This is a fascinating research project that's long overdue. According to a study conducted by a physics researcher at Notre Dame, an online news story will be barely read by anyone 36 hours after it was first posted. The PhysicsWeb article (thanks digg) says that "the short life of a news item -- combined with random visiting patterns of readers -- implies that people could miss a significant fraction of news by not visiting the portal when a new document is first displayed." Rocket scientists can download the full research here (PDF)
While I don't doubt the research (I nearly failed higher math), somehow I don't believe it takes the blogosphere fully into account. Blogs do a marvelous job of keeping a story alive for more than 36 hours. I'd love to see someone build on this with blog data.

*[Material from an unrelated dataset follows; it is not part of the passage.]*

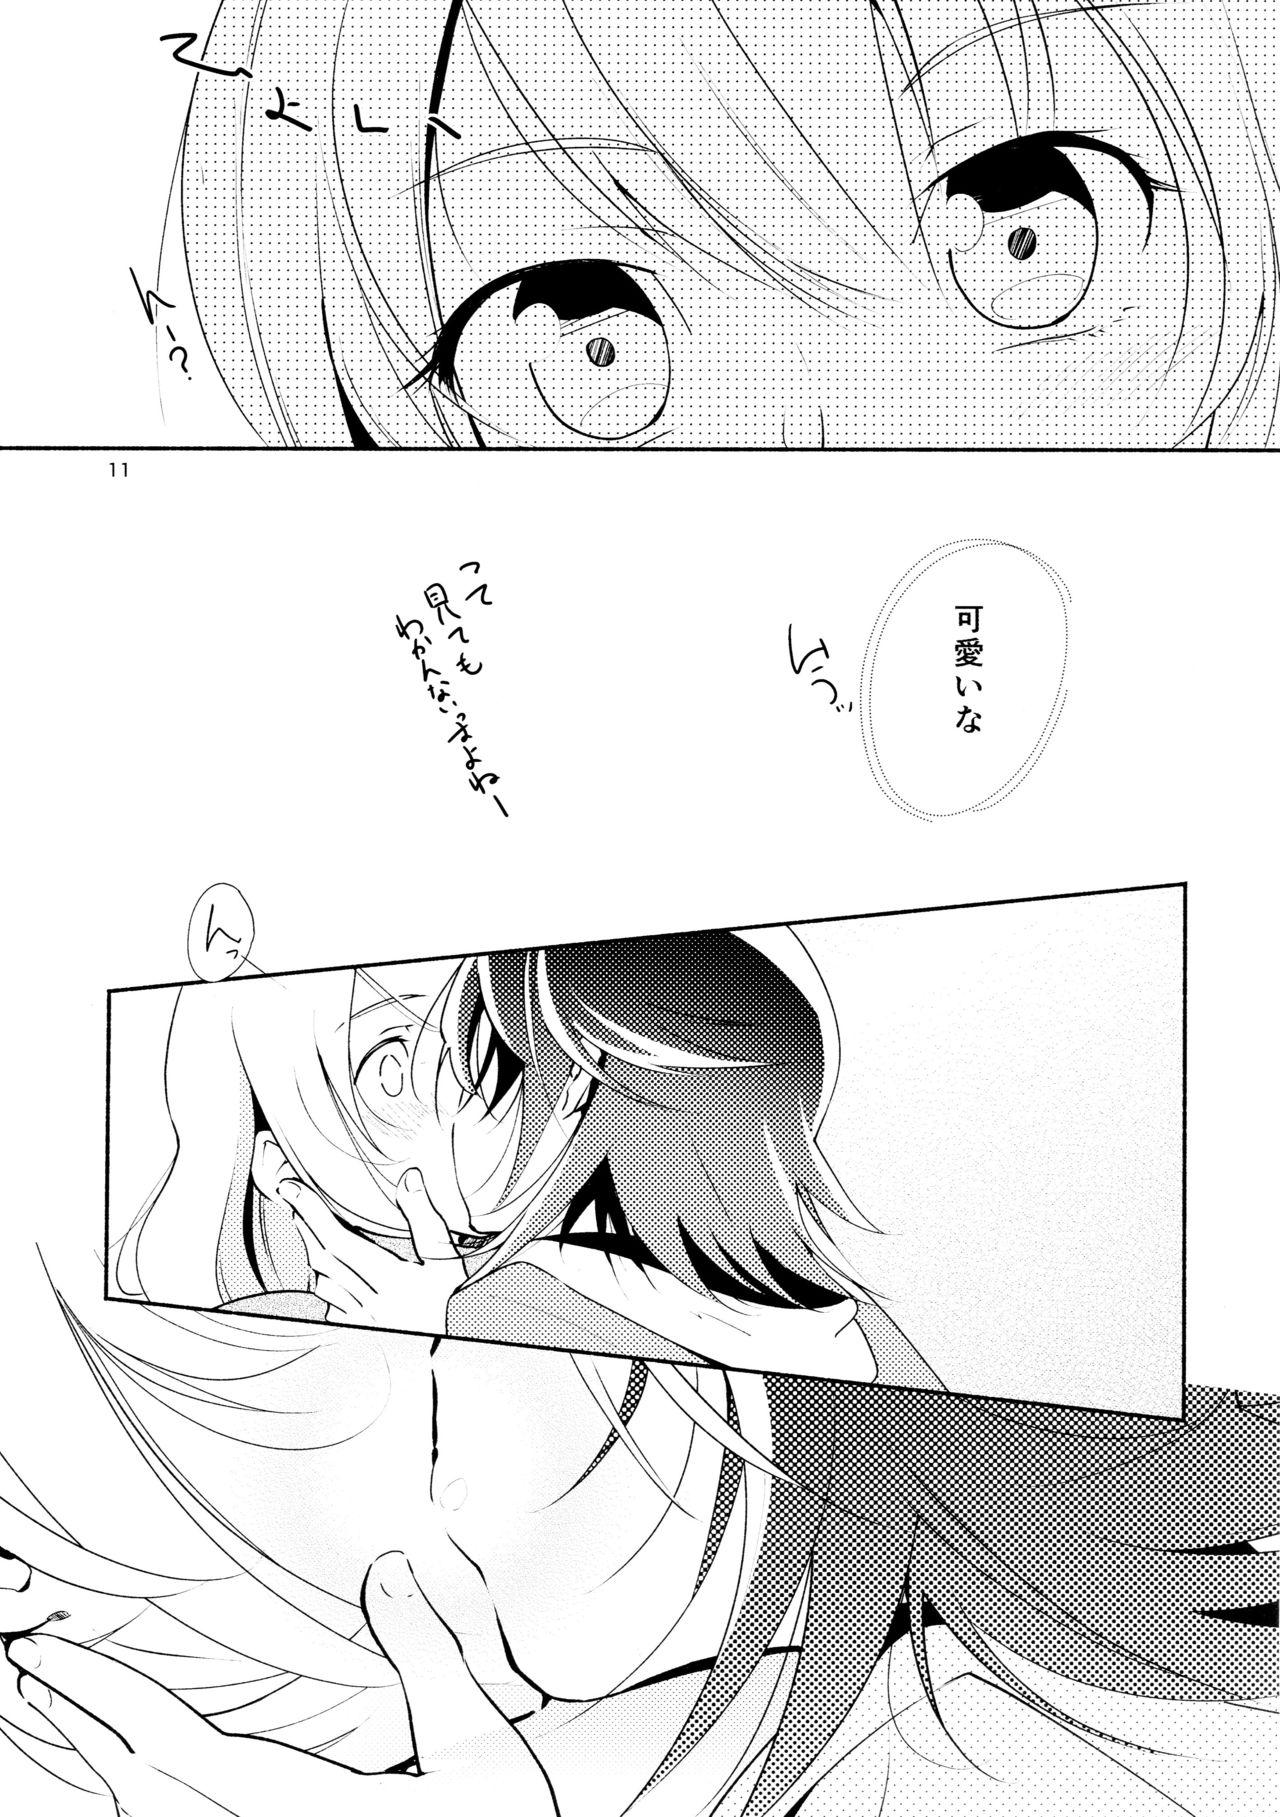 Ass To Mouth Harugasumi - Kimi to Tomo ni Ayumu Michi 8teen - Page 11
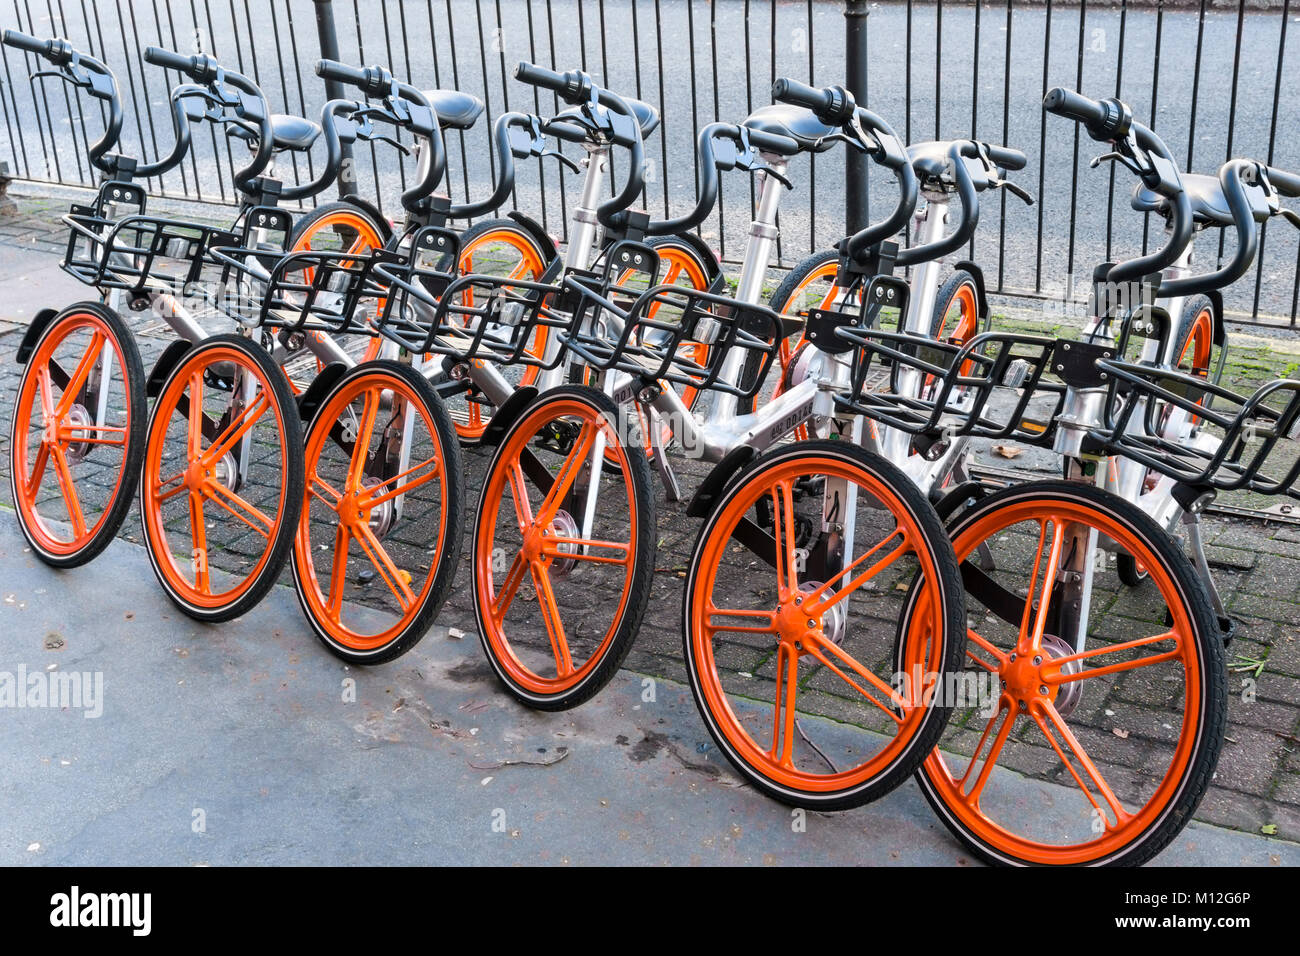 Mobike Dock - Kostenlose Fahrräder in London. Stockfoto

Regardless, the Notre Dame research has implications for PR. As more people get their news online rather than off, teams need to strategize how they time key news announcements to capitalize on the 36 hours. Working with bloggers can keep the momentum going. In fact, a couple of years ago Mary Meeker covered this in some detail and I offered some PR context.
When I managed media relations campaigns, I used to suggest staggering big news over weeks - kind of like running a marathon. Now, with online news dominating, it might be better to get a bunch of quick hits in succession over a few days in a sprint-like fashion (for those who have this luxury) and then build momentum in the blogosphere.